Yolanda Covington-Ward, an associate professor in the Dietrich School's Department of Africana Studies, has been selected to receive the highly competitive Elliott P. Skinner Book Award from the Association for Africanist Anthropology for her book Gesture and Power. 

Established in 2007, the award honors the memory of Elliott P. Skinner, Franz Boas Professor of Anthropology at Columbia University. Skinner was a prolific scholar, diplomat, and founding member of the AfAA. The award aims to recognize Africanist anthropology scholars whose books exhibit originality, make advances in ethnographic and theoretical scholarship, and have the potential to gain broader visibility. The Association for Africanist Anthropology (AfAA) exists to stimulate, strengthen, and advance anthropology by promoting the study of Africa, as well as Africanist scholarship and the professional interests of Africanist anthropologists in and outside of the African Continent. 

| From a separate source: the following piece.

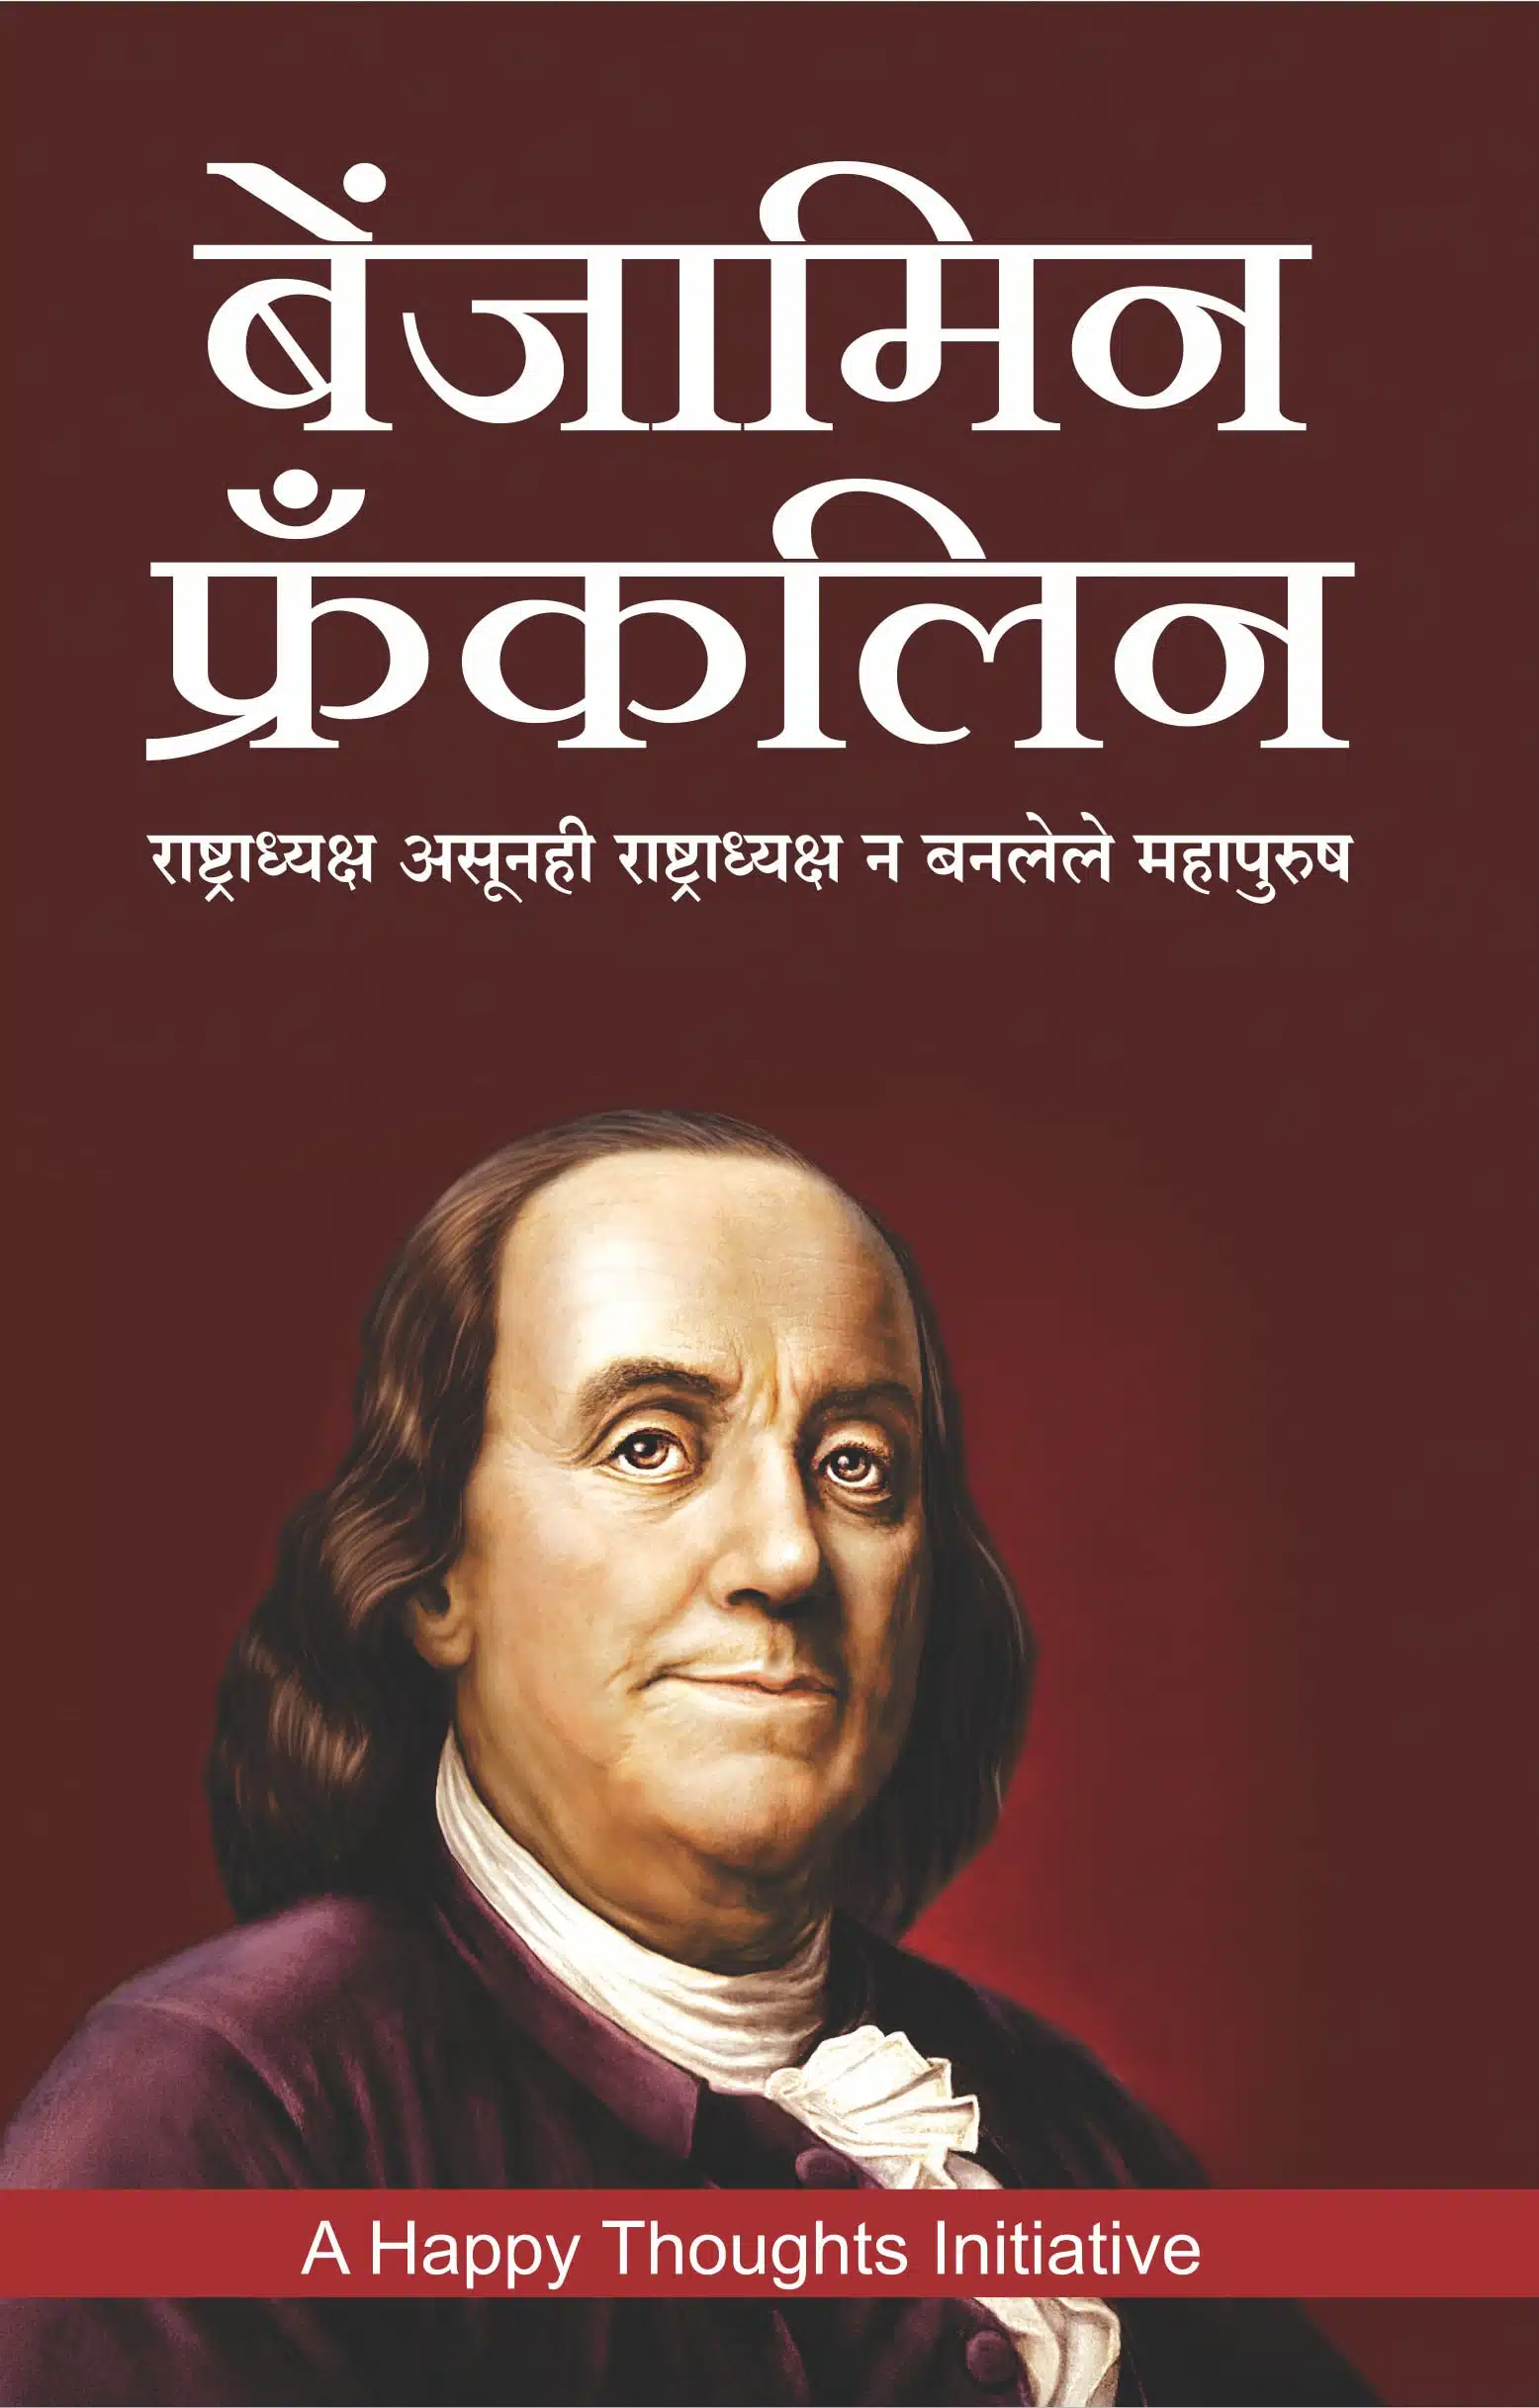 Benjamin Franklin -Rashtradhyaksh Asunhi Rashtradhyaksh N Banlele Mahapurush (Marathi)

Covington-Ward has a secondary appointment in the Department of Anthropology. She is also an affiliated faculty member in the Global Studies Center, the African Studies Program, and the Gender, Sexuality, and Women’s Studies Programs. Her research places the body at the center of human experience, and focuses on the dynamic multidirectional relationship between physical bodies and group identity. She has been the recipient of a number of prestigious fellowships and honors, including the Ron Brown Scholarship, a Bill and Melinda Gates Millennium Scholarship, an Andrew W. Mellon Fellowship, Rackham Merit Fellowship, an Institute for the Humanities Fellowship, a Fulbright fellowship, a Ford Foundation Postdoctoral Fellowship, and most recently she has been selected as a Pitt Faculty Fellow at the Humanities Center at the University of Pittsburgh.